2. The spindle according to claim 1, wherein the spindle head and the rear spindle portion have respective centering surfaces that are opposite to one another, between which a tapered centering slider is slideably movable between at least a first position and a second position, wherein in the first position the at least one bearing is bridged in a locking manner, whereby the spindle head and the rear spindle portion are mutually centered.

3. The spindle according to claim 1, wherein the at least one bearing has at least one of first and second partial bearings, wherein the first partial bearing has two complementary first bearing blocks with spherical-segment-shaped bearing surfaces and wherein the second partial bearing has two complementary bearing blocks with planar bearing surfaces, said planar bearing surfaces having respectively-corresponding surface normals, said surface normals being parallel to either the first longitudinal axis or the second longitudinal axis.
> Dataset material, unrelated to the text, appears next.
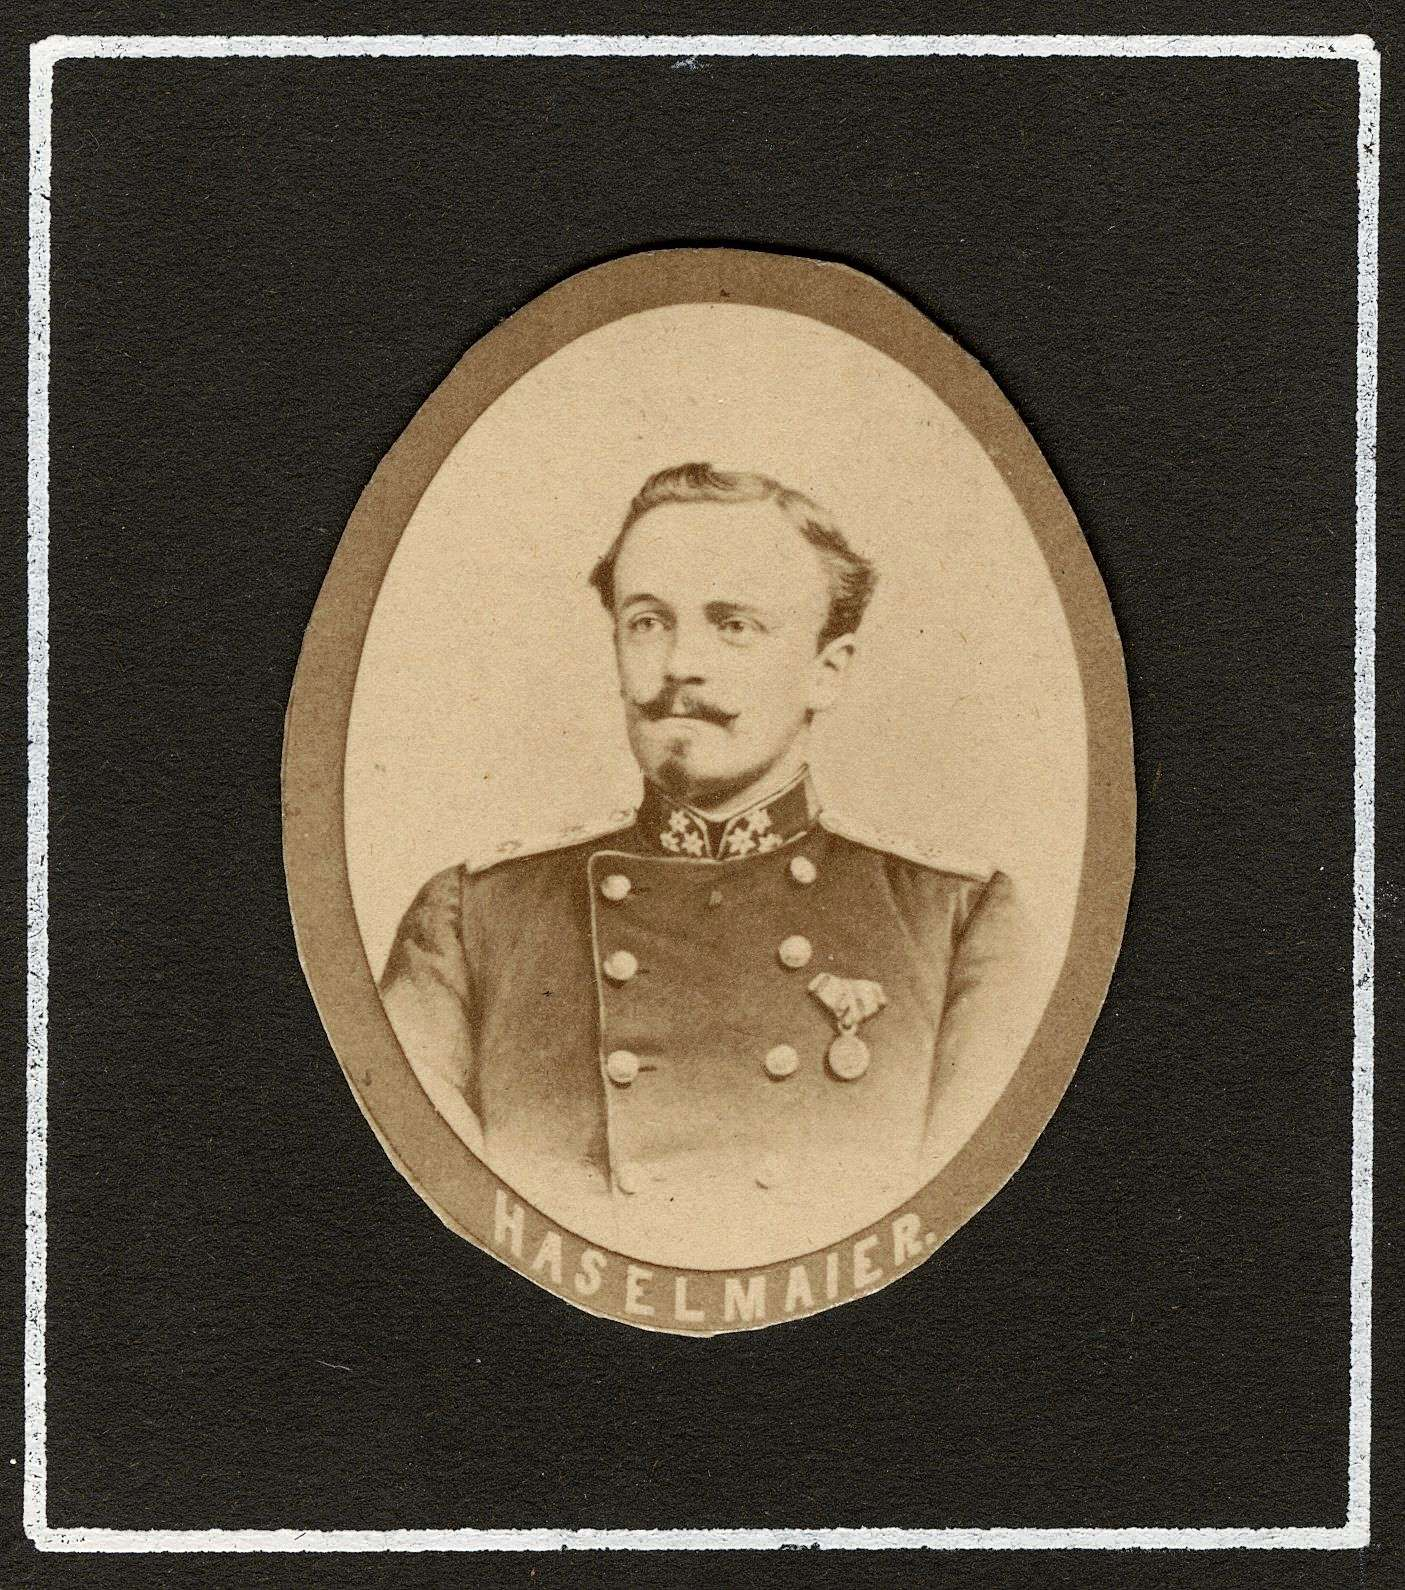 Haselmaier, Karl, Bild 1

4. The spindle according to claim 3, wherein the at least one bearing has an intermediate portion formed as a ring or a ring segment, the at least one bearing having a first bearing surface that is either a spherical-segment-shaped surface or a cylinder-segment-shaped surface, the at least one bearing having a second bearing surface that is either a planar surface or a cylinder-segment-shaped surface, the second bearing surface located on a side of the at least one bearing that is facing away from the first bearing surface.

5. The spindle according to claim 3, wherein at least one of the first and second partial bearings is a hydrostatic bearing with a fluid gap between at least two of bearing surfaces.

6. The spindle according to claim 5, wherein bearing blocks of at least one of the first and second partial bearings are preloaded against each other by a magnetic force.

7. The spindle according to claim 6, wherein at least one permanent magnet is arranged in at least a first of two complementary bearing blocks, wherein magnetic flux of the at least one permanent magnet is guided from a magnetic north pole thereof to a magnetic south pole thereof such as to bridge at least once an air gap between the bearing surfaces, to thereby pre-load the bearing blocks by a magnetic force.

8. The spindle according to claim 1, wherein the at least one bearing has at least one of first and second partial bearings, wherein the first partial bearing has two mutually complementary first bearing blocks with first cylinder-segment-shaped bearing surfaces, and the second partial bearing has two mutually complementary second bearing blocks with second cylinder-segment-shaped bearing surfaces.

9. The spindle according to claim 8, wherein the at least one bearing has a ring-shaped or ring-segment-shaped intermediate portion having at least one first bearing surface that is a spherical-segment-shaped surface or a cylinder-segment-shaped surface and having, on a side of said intermediate portion that faces facing away from the at least one first bearing surface, at least one second bearing surface that is either a planar surface or a cylinder-segment-shaped surface.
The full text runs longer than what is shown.